New concentrated contrast agents not only improve enhancement of focal liver lesions, they could make imaging safer by reducing contrast volume and flow rates, researchers in France and Germany have concluded.
The double-blind randomized parallel group study was conducted at four centers in Europe. The cohort of 151 patients included 91 with a diagnosis of abdominal tumors, and 60 patients suspected of having liver lesions, according to Dr. Renate Hammerstingl from the University of Frankfurt University Hospital in Germany, who presented the findings at the 2005 European Congress of Radiology (ECR) in Vienna.
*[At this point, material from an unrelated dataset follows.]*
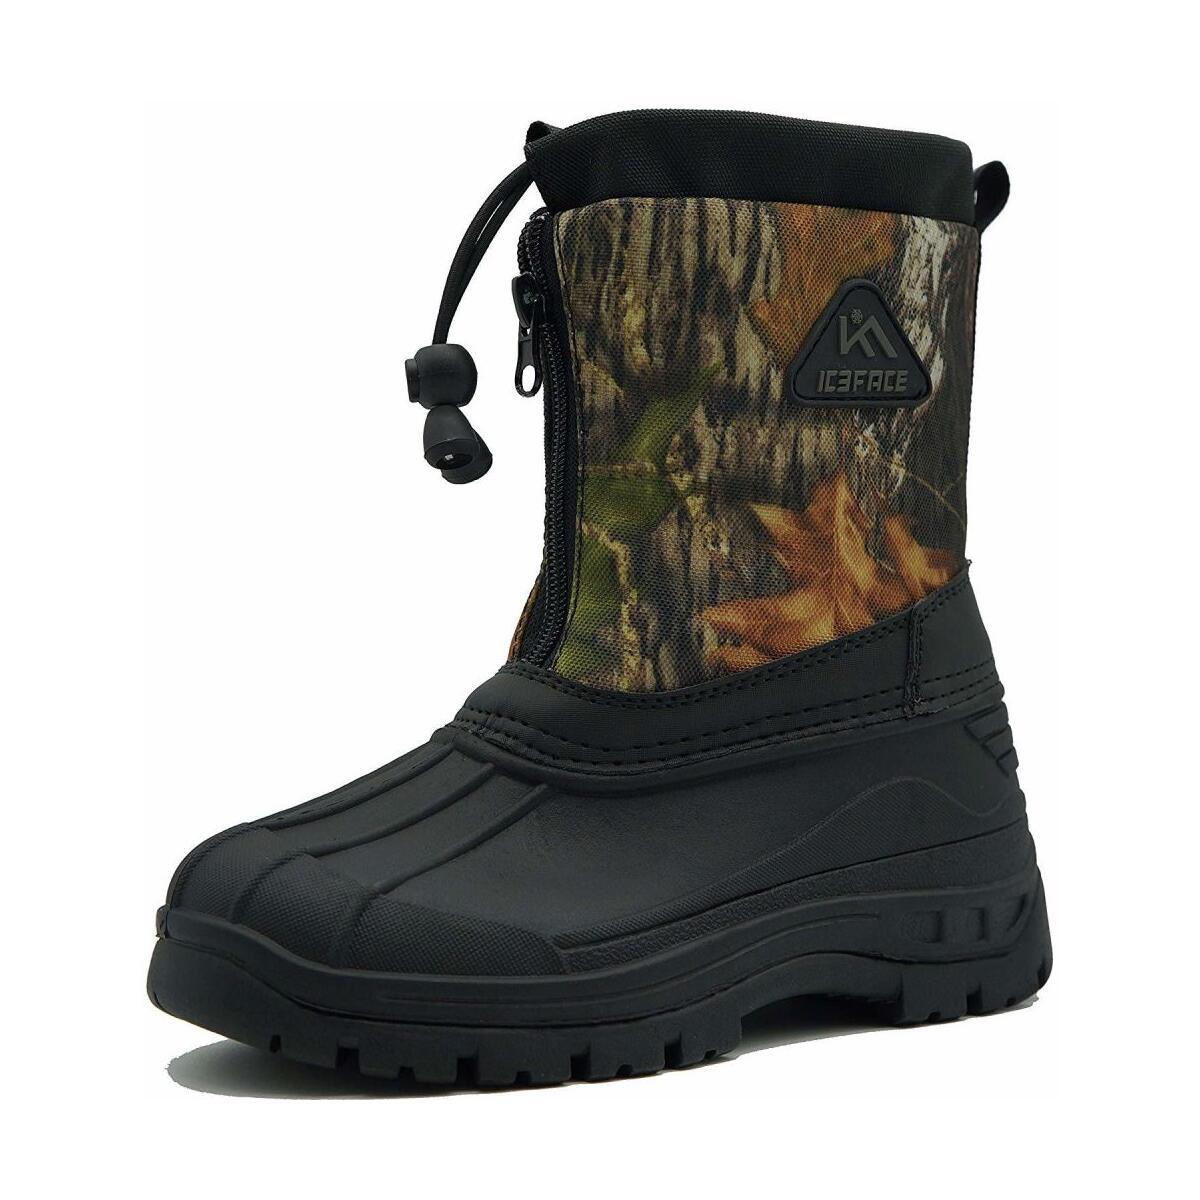 Kids - Waterproof - Winter Snow Boot

"The most important factor for imaging focal liver lesions is contrast, and this is influenced by the administration of iodine, on the one hand by the maximum amount of iodine administration, and on the other hand the iodine delivery rate," she said. "Keeping in mind that MDCT is now much faster than the contrast distribution, we have to modify our protocols. We can increase the injection flow rate or use higher-concentration contrast medium."
The researchers chose the latter for their phase IV study, aiming to optimize iodine concentration on contrast-enhanced MDCT of liver tumors in pretherapeutic staging.
After randomizing the patients into one of three groups, Iomeprol (Bracco, Milan, Italy) was administered intravenously in one of three concentrations (300, 350, and 400 mg of iodine/mL). The overall iodine dose of 36 g was equal within the patient groups, pairing the lowest contrast volumes (range 40-80 mL) with the highest-concentration boluses (range 370-400 I/mgL).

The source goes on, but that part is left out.